Ditto the question of how old is she? 

My old boy started to trip when he got arthritic in his knees. Some natural balance shoes helped him.


----------



## lynspop (26 May 2009)

Ditto what everyone has said above. i posted a question similar to this a few months ago and asked my blacksmith to have a good look at his feet and see if he could do anything- he took his toes back a bit and problem solved- he has tripped only a couple times since then, and that was about 12 weeks ago.


----------



## Scribbles (26 May 2009)

Mine has a tendency to do it when he has thrown all his weight on his forehand and is literally dragging himsef along with his front legs. Once youput a bit of leg on and ask him to lift he doesn't do it.


----------



## Nudibranch (26 May 2009)

Another one for getting her checked out - mine also started tripping when she got arthritis in her knees.


----------



## Faro (26 May 2009)

Everyone above has given good and sensible suggestions, yes it could be anything and is certainly worth investigating further.

My first thought, however, was that possibly the toe is getting long  and the first thing I would do (before calling out vets/physios and the like - but not saying you shouldn't do that) is do as Lynspop says - check with the farrier and if necessary have the toe shortened, because that often makes a world of difference (and is by far the cheapest way of getting it sorted - if it does turn out to be due to long toes!)


----------



## moodiestmare (26 May 2009)

Thanks everyone. She is 21 year old tb x but not at all old for her age. She is due shoeing so I will have a chat with the farrier when he is out and hopefully will get it sorted that way!

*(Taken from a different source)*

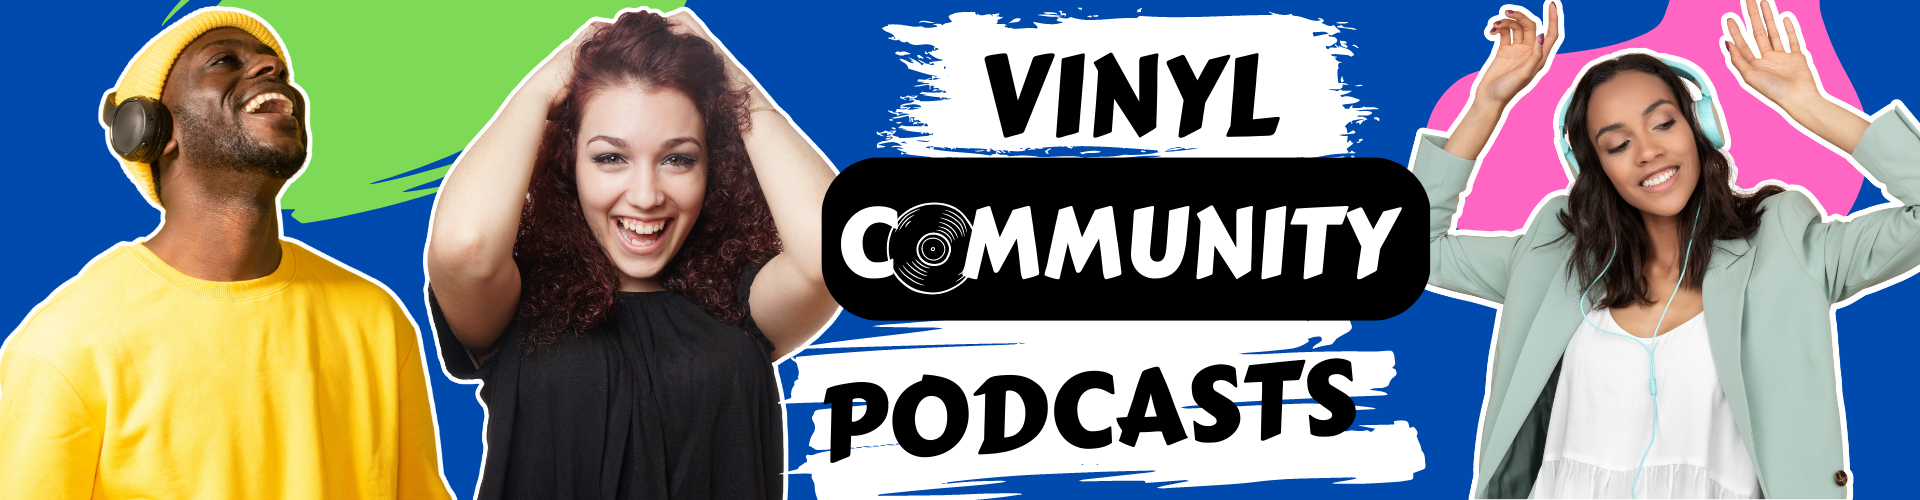 Vinyl Community Podcasts podcast by vinylcommunitypodcasts

I do struggle to keep her concentrating on me and she definitely trips more when her mind iis elsewhere.


----------



## lollipop7 (26 May 2009)

HI!! I agree with faro, we have a horse at home who is constantly tripping and it is such a shame as he is a ery nice mover, so we talked to the farrier who siad that he would 'role' his toes.....it worked!


----------



## OWLIE185 (26 May 2009)

Try rolling the toes on the front shoes.


----------